Bonding and setting up

CHAPTER 6 Bonding and setting up

Since the Tip-Edge appliance is preadjusted, with a torque and tip prescription incorporated in each attachment, it follows that it should be set up just like any other straight-wire appliance. In this, the reader is referred to the work of Dr Lawrence Andrews, who was the originator of the preadjusted appliance and so defined the optimal bonding position for his crown related system.1,2 This was designed around the best achievable reproducibility in bracket placement, based on easily visualized objectives, resulting in torque delivery that would prove consistent, irrespective of the size of the crown.

Bracket placement

A mid-crown position is therefore recommended for routine bonding. Each bracket should be aligned with its vertical axis parallel with the long axis of the tooth, and at the mid-point of the crown mesio-distally. The height of the bracket should be at the vertical mid-point of the fully erupted clinical crown (Fig. 6.1). All three dimensions are critical to an accurate end result, as with any preadjusted appliance, so that great care is required at the setting up visit.

Being a considerably smaller bracket than a Siamese twin type has aesthetic advantages, but also makes the accurate placement of the Tip-Edge bracket rather more difficult, particularly on large clinical crowns. For this reason, Tip-Edge brackets are supplied with the option of plastic jigs.
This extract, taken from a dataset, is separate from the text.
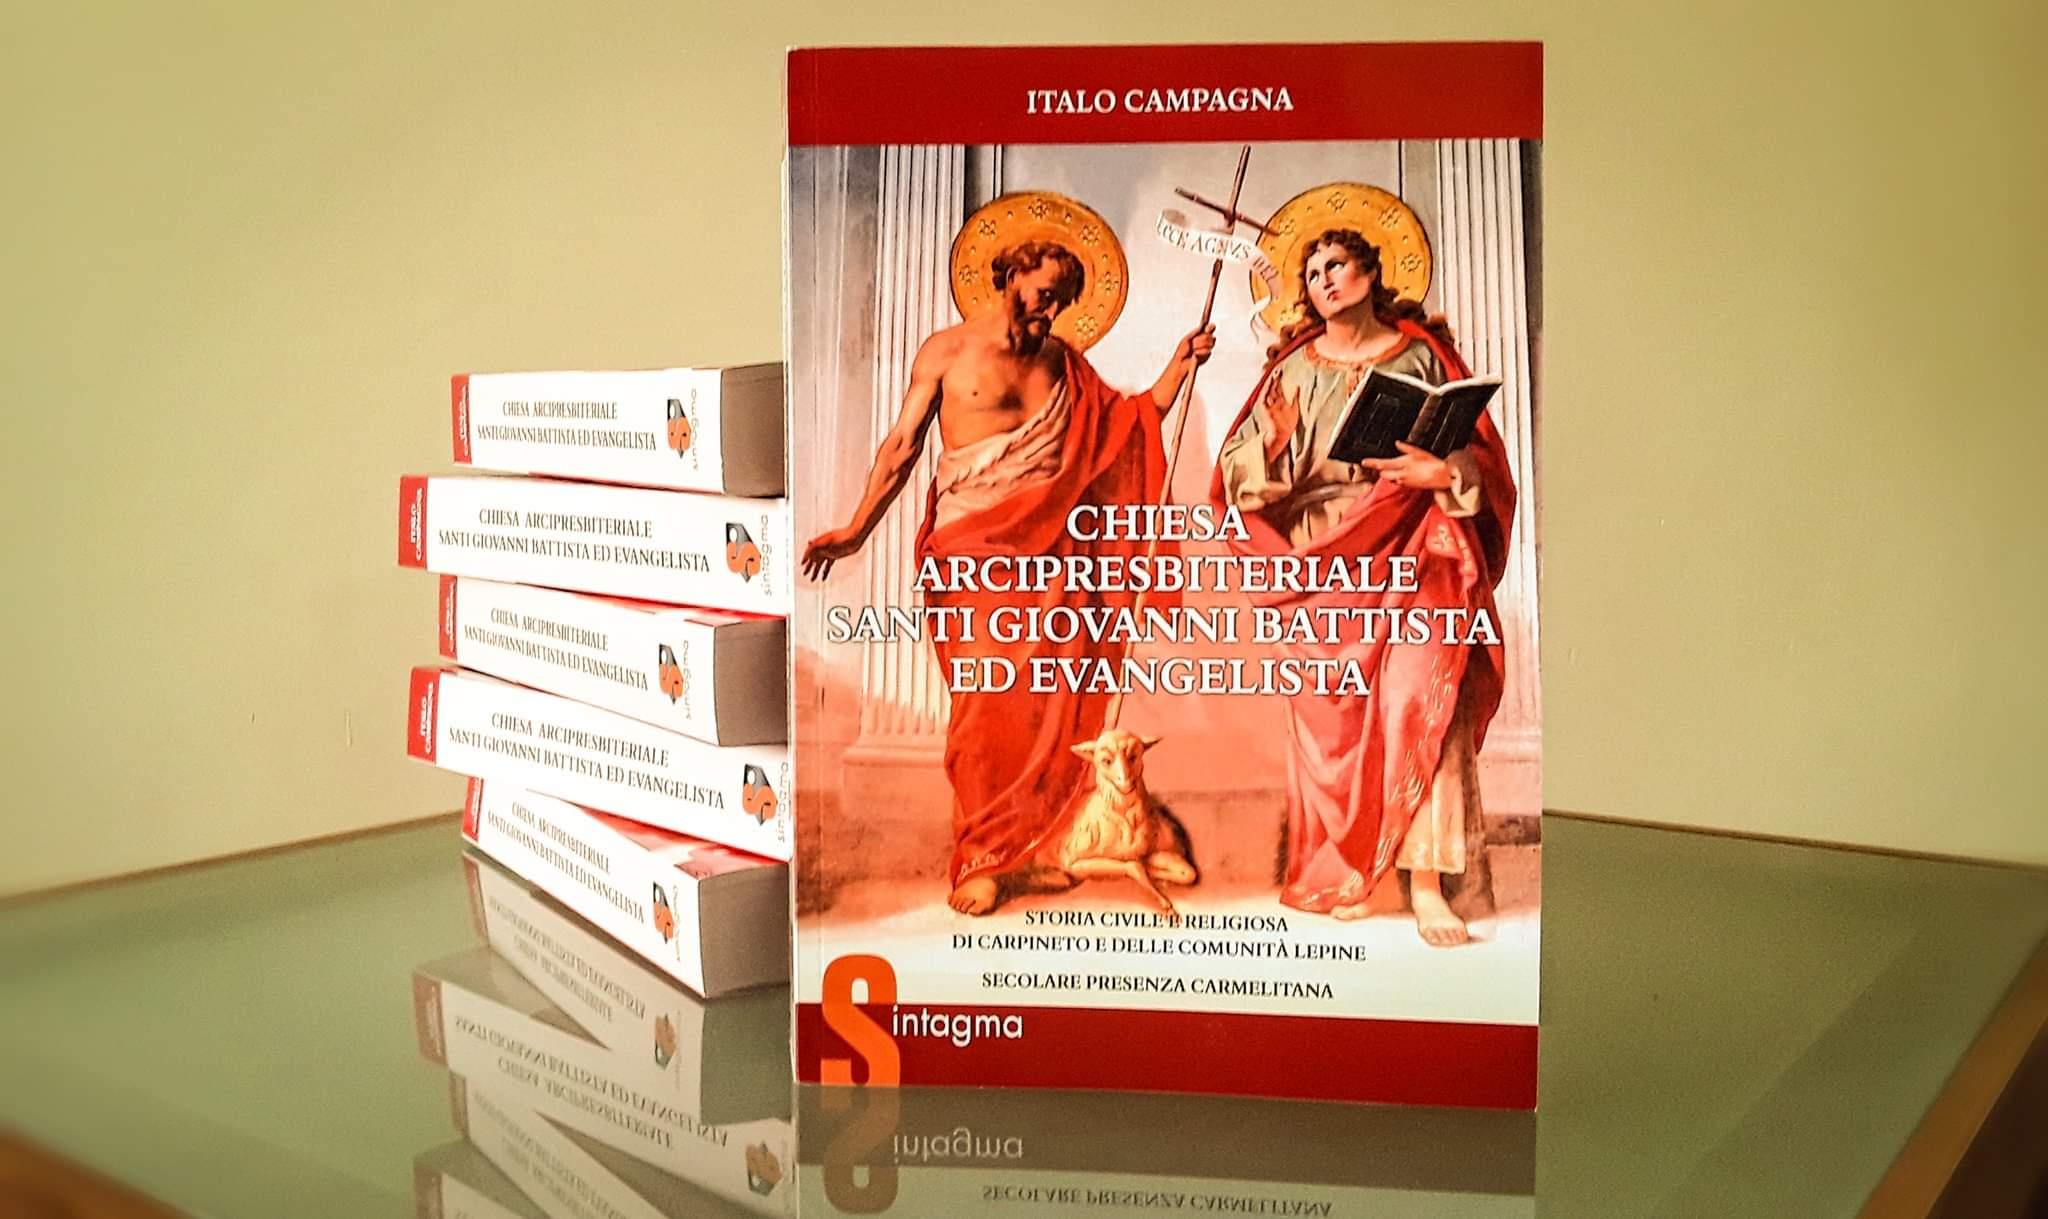 presentazione-libro-italo-campagna-3

Not only do these provide ready ‘sight lines’ for the correct angulation of each bracket, but they also make the brackets much easier to handle with conventional bonding tweezers.

Previously, the jigs were produced only in ‘L-shaped’ form, which prescribes a fixed bonding height for each bracket from the incisal edge or tip, as denoted by the colour coding (Fig. 6.2). While this may have been appropriate for the Begg appliance, it is at variance with the requirements of a preadjusted appliance, in which the measurement of the mid-crown point to the incisal edge will vary according to the overall size of the crown. The L-shaped jigs are still available, but the more recently introduced Universal jigs are a better option (Fig. 6.3). These can easily be aligned up the long axis of the tooth, while the mid-crown height can be gauged by eye (Fig. 6.4). On a normally shaped incisor, correct angulation up the long axis will result in the incisal tie wing being parallel to the incisal edge of the crown.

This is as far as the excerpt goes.